As social animals, we come into the world not as individualist atoms having no need for or obligations toward others, but rather as members of communities – the family first and foremost, but also the local community, the nation, and ultimately the human race as a whole. As rational animals, we require a considerable range of freedom of thought and action in order to realize the ends toward which we are directed by our nature, including our social ends.

Solidarity and subsidiarity balance these considerations. As organic parts of larger social wholes, our flourishing as individuals goes hand in hand with that of those larger wholes, just as the flourishing of a part of the body goes hand in hand with that of the whole organism. The eye or the foot can flourish only if the whole body does, and the whole body can flourish only insofar as parts like the eye and foot do. Just as these parts must do their part relative to the whole body, so too must the individual do his part relative to the family, the nation, etc. And just as the whole organism must guarantee the health of its parts, so too do larger social orders have an obligation to each individual member. Solidarity thus rules out a libertarian or individualist model on which we have no obligations to others other than those we consent to. That would be like the eye or foot having no natural ordering to the good of the body as a whole, or the body as a whole having no natural ordering to the good of these parts.

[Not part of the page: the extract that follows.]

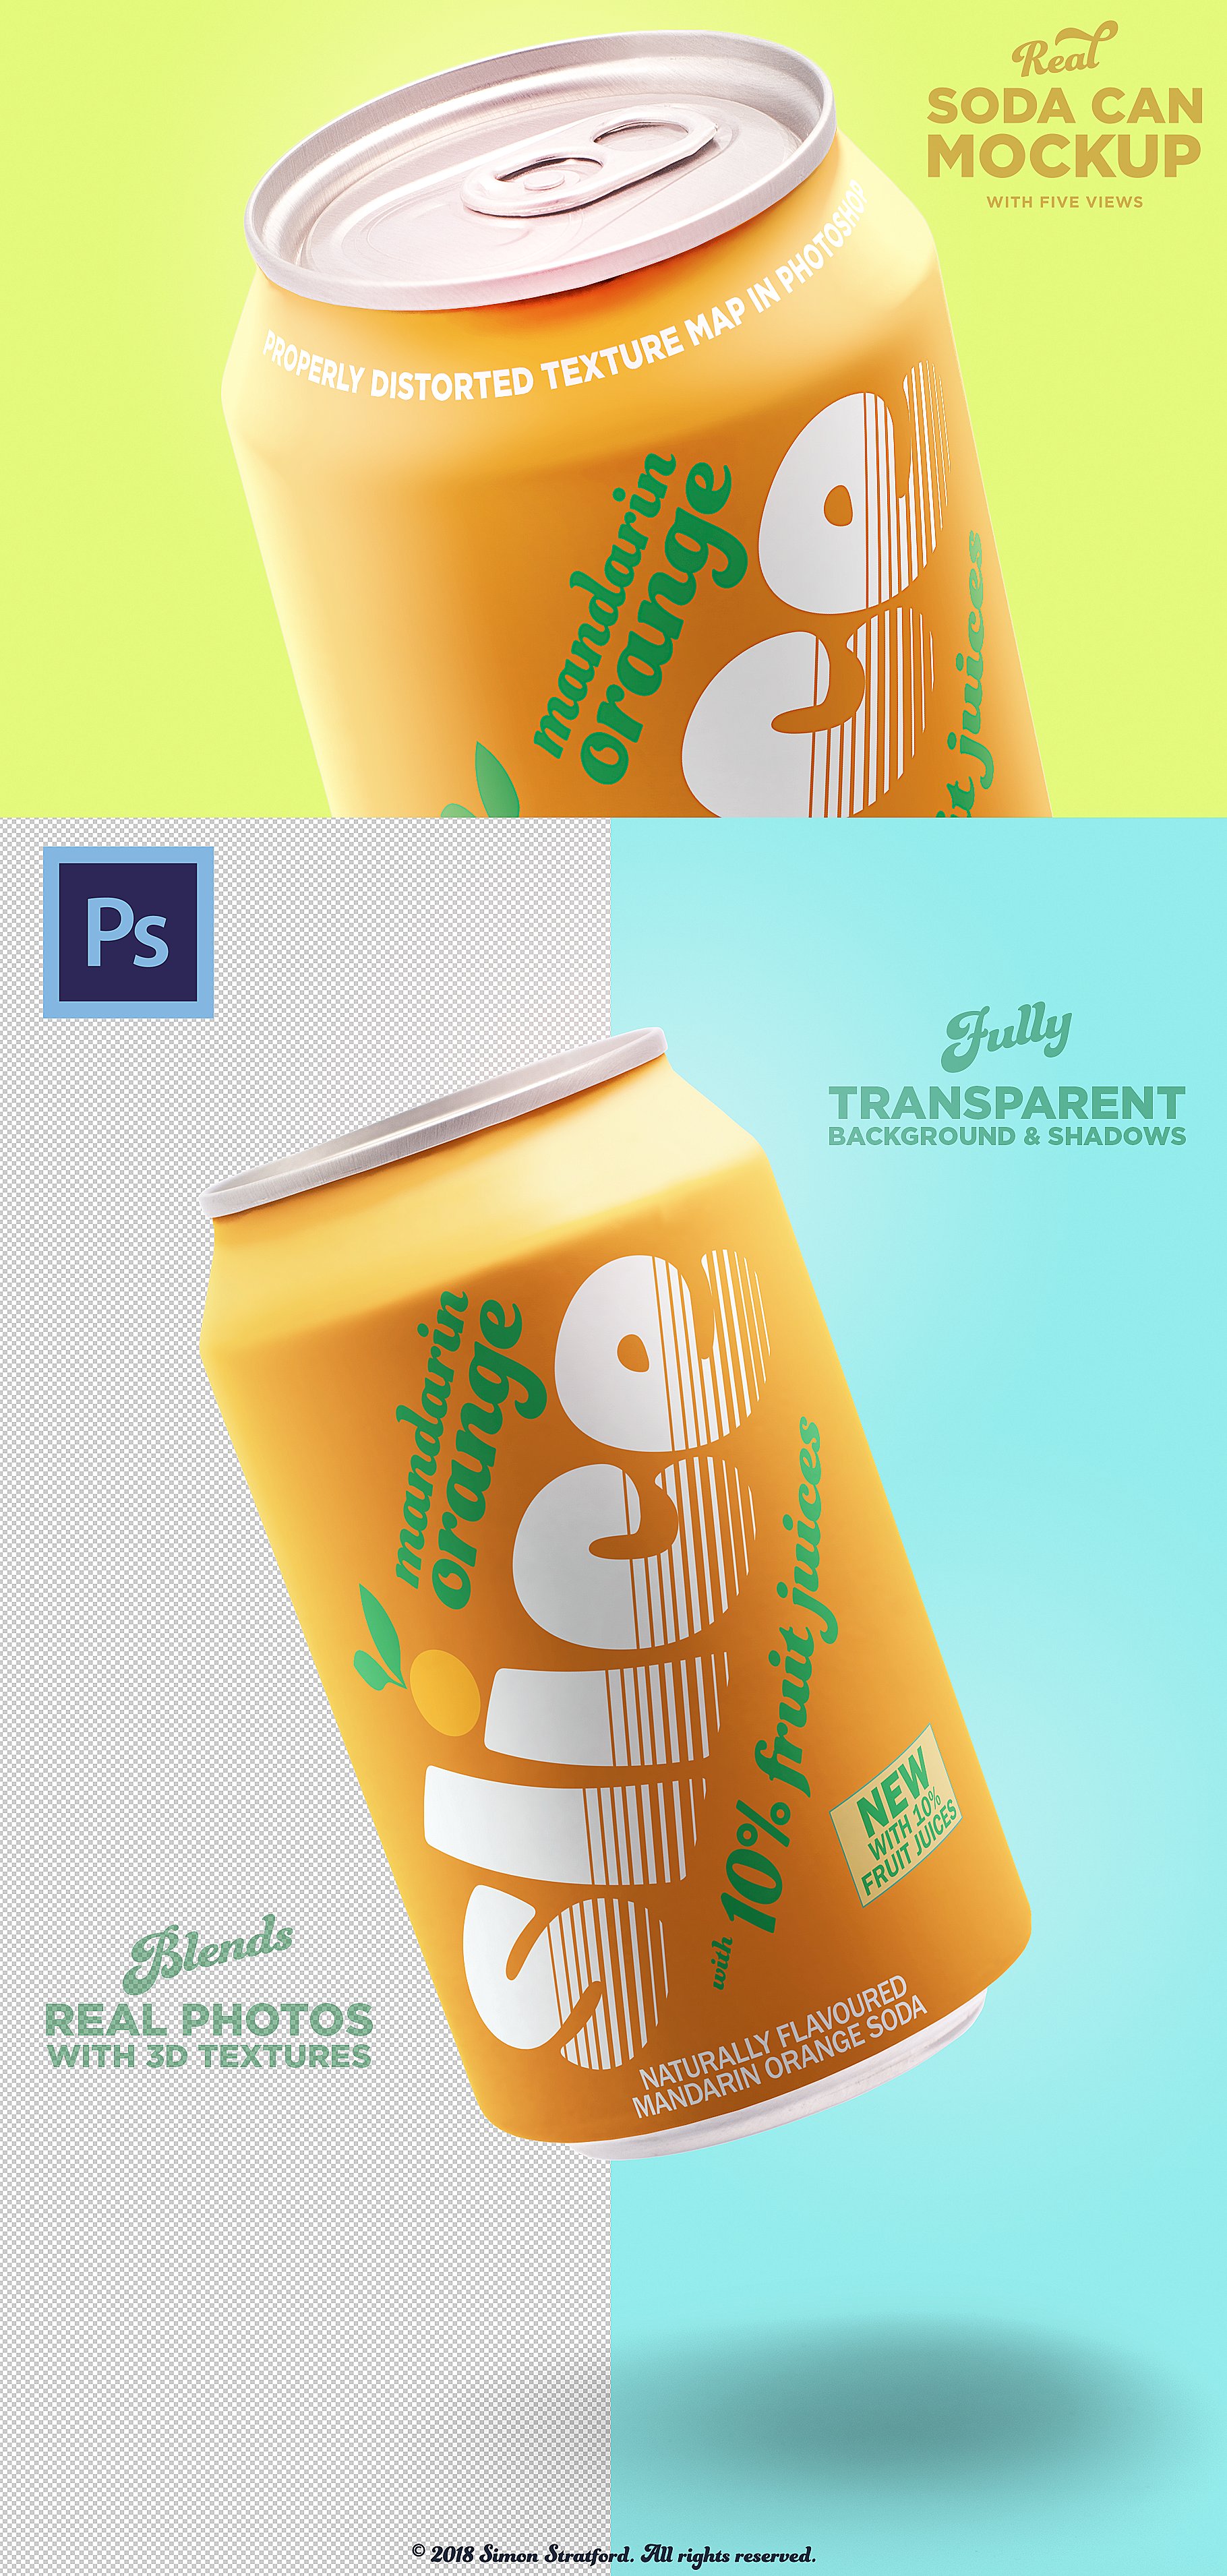 苏打水饮料易拉罐外观设计样机 Real soda can mockup for photoshop插图(2)
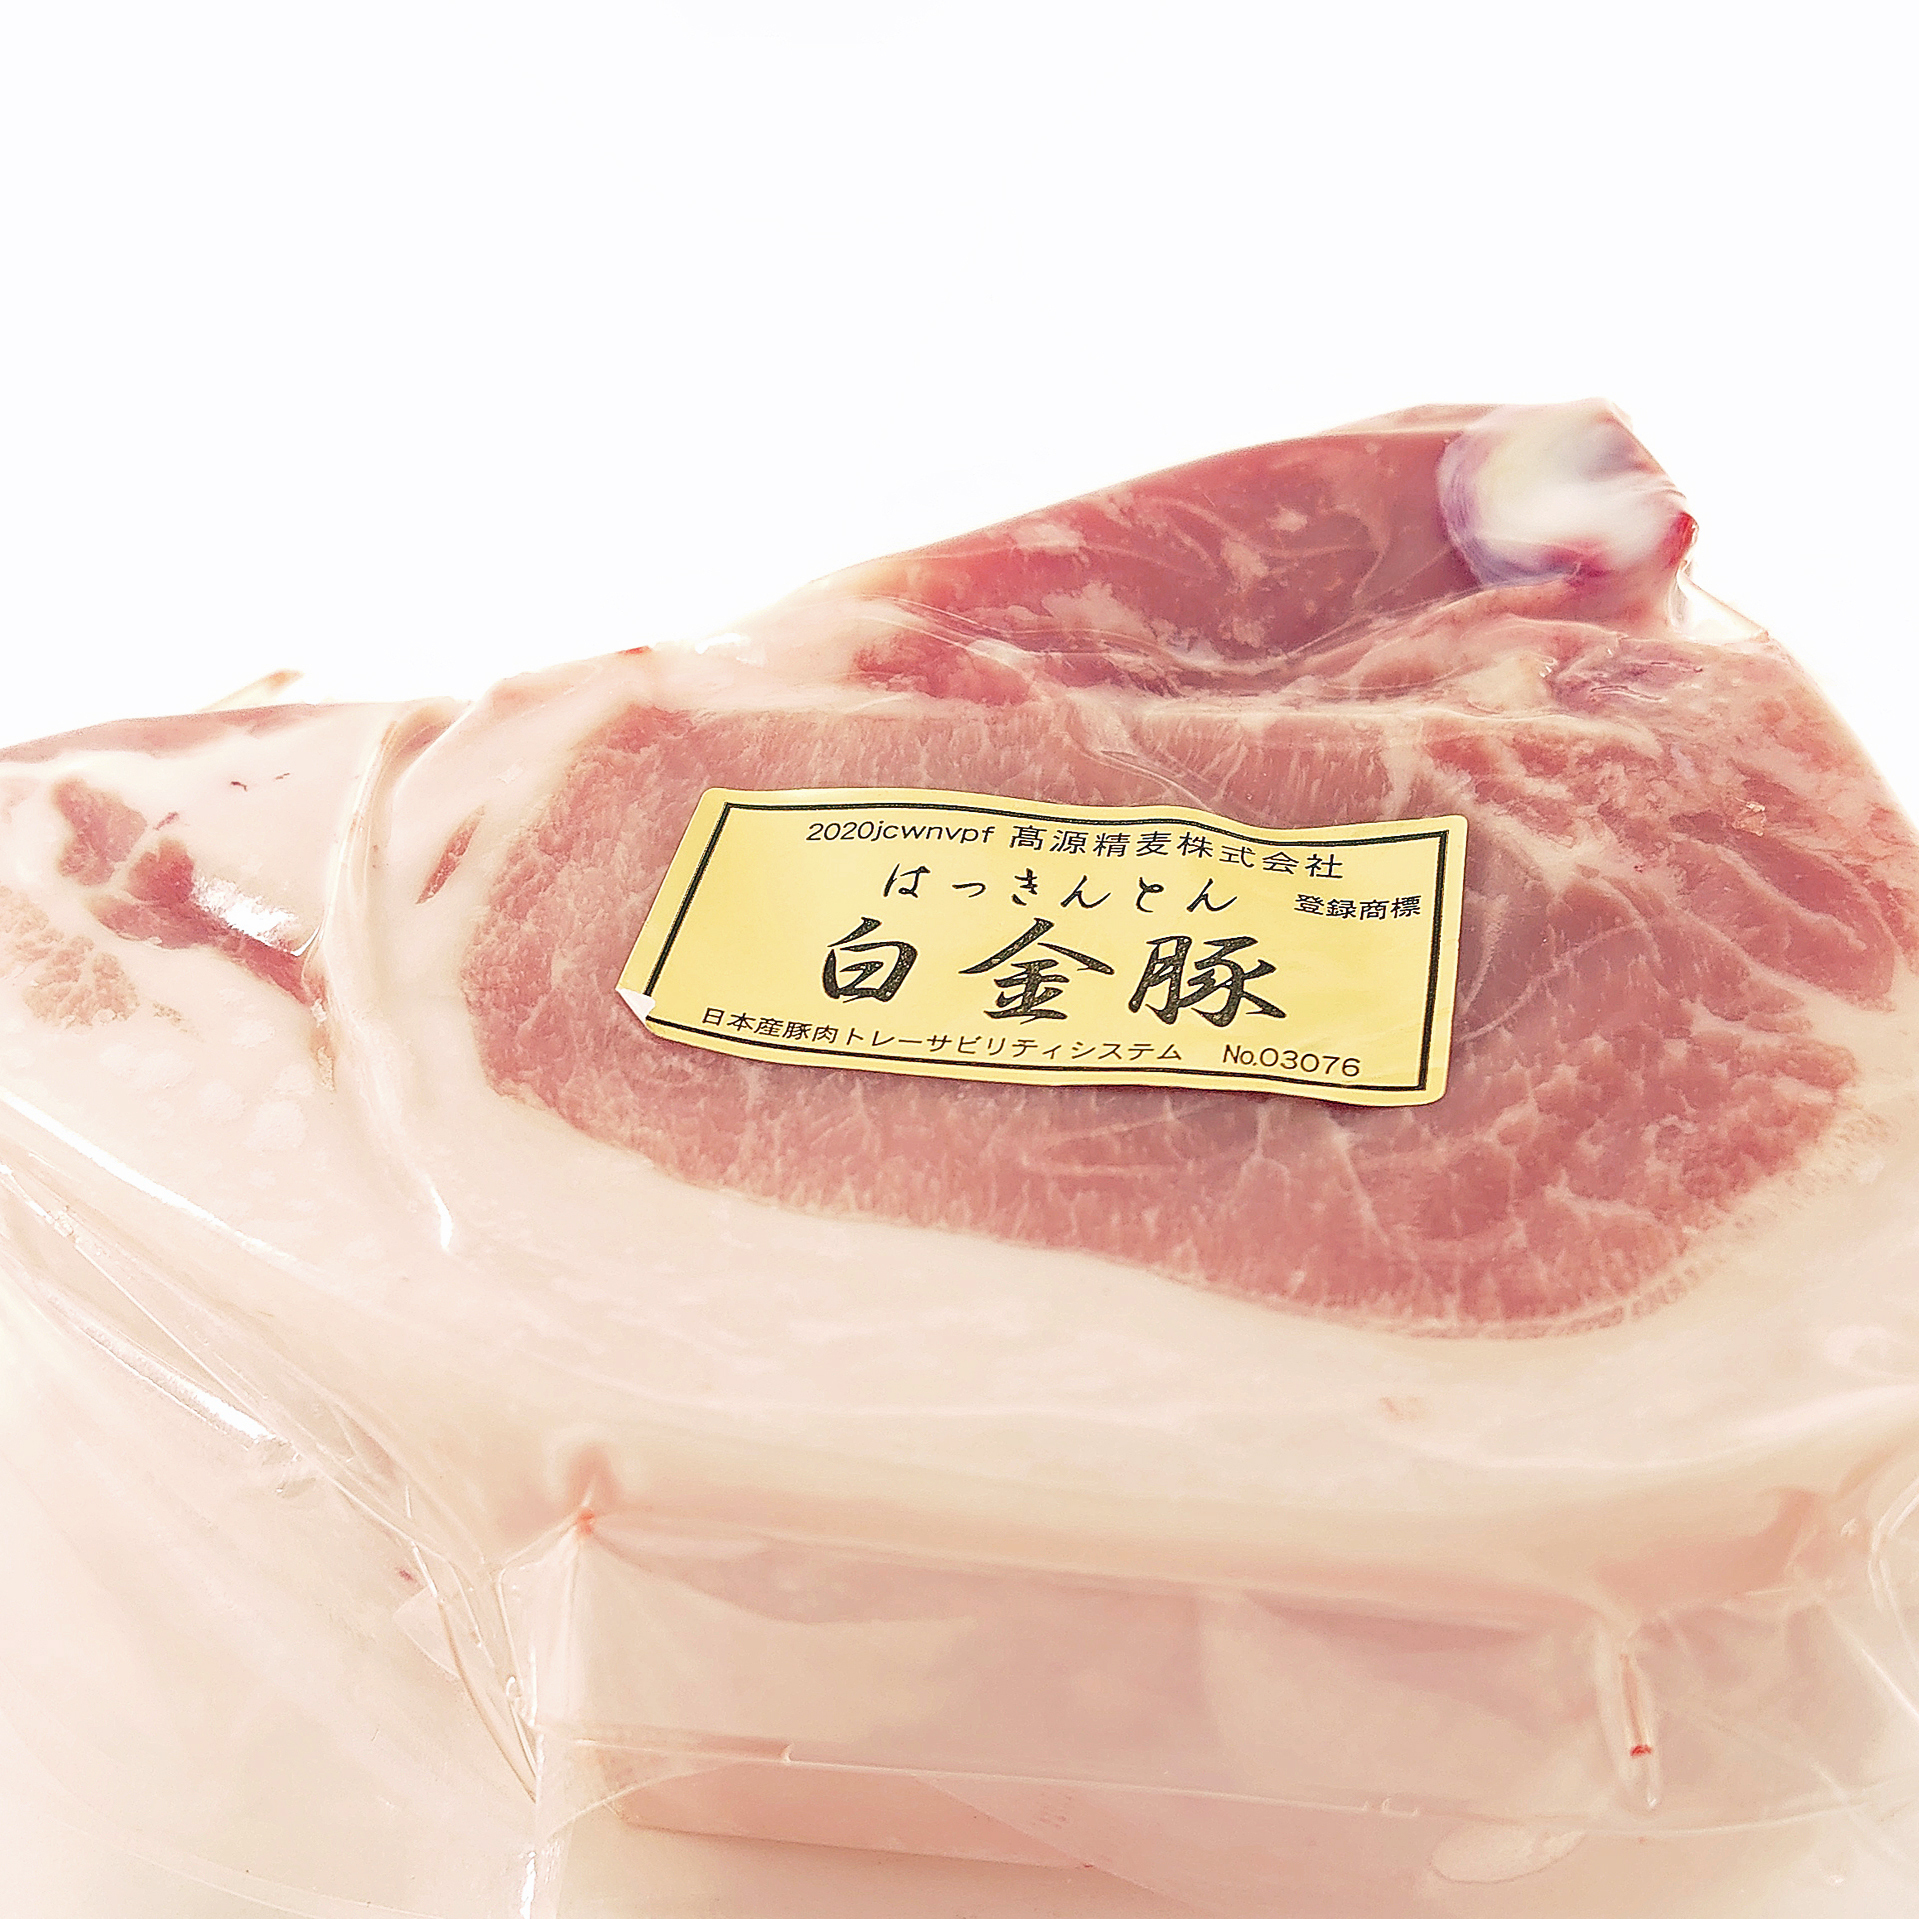 [冷凍]肉の王道Tボーン[白金豚]1枚300〜450g 冷凍 Tボーン(300〜400g)3枚 冷凍(真空パック)

On the other hand, given our rationality, the organic analogy is not a perfect one. Each of us has a capacity for individual thought and action that literal body parts do not have, and which entails that we are more than mere cells or organs of a larger social body. Literal body parts cannot understand themselves and their relation to the whole body, or choose whether and how to fulfill their roles relative to the whole. We can do so, and to flourish as rational agents we thus require as much freedom of thought and action as is consistent with our need for and obligations to larger social orders. There is also the consideration that the organic analogy is stronger the more proximate is the social whole of which one is a part. Our needs and obligations relative to the family are stronger than our needs and obligations relative to the nation, and our needs and obligations relative to the nation are stronger than our needs and obligations relative to humanity as a whole. Hence the natural law model entails a special regard for family and nation over the “global community,” even if the latter deserves some regard as well. Subsidiarity thus rules out any socialist absorption of the individual into a communal blob. It also requires that larger level social orders (such as governments) interfere with the actions of lower level orders (such as families and individuals) only where strictly necessary. The presumption is in favor of freedom of action, even if this presumption can in some cases be overridden.

The kind of individualism that I rail against is not one that merely says "individuals have moral responsibility." Rather, individualism denies that the individual has moral responsibilities to the collective. That, by virtue of his individuality, he has no reason to help the wider society. This would follow from the kinds of ethical theories espoused by people like Adam Smith, who cynically said "I have never known much good done by those who affected to trade for the public good." I feel that the modern conservatives, in embracing this "rugged individualism," have either forgotten or tend to overlook their duty to pursue the common good. Individualism has this problem because, given its Lockean premises, it assumes that rational individuals came together to form society out of self-interest. This creates in the mind the thought of "If society doesn't fulfill my desires, then to hell with society!" If you are an individualist and you rightfully see this view as abhorrently self-centered, then you ought to re-examine your own beliefs. I did.

I also don't see why both individual persons and collectives (in the form of moral persons) can't both have moral duties in different areas. Might we imagine a scenario where the collective has a duty to X (say, a duty to help the poorest of society) while the individual has a duty to Y (such as, the duty to take responsibility for their own actions)?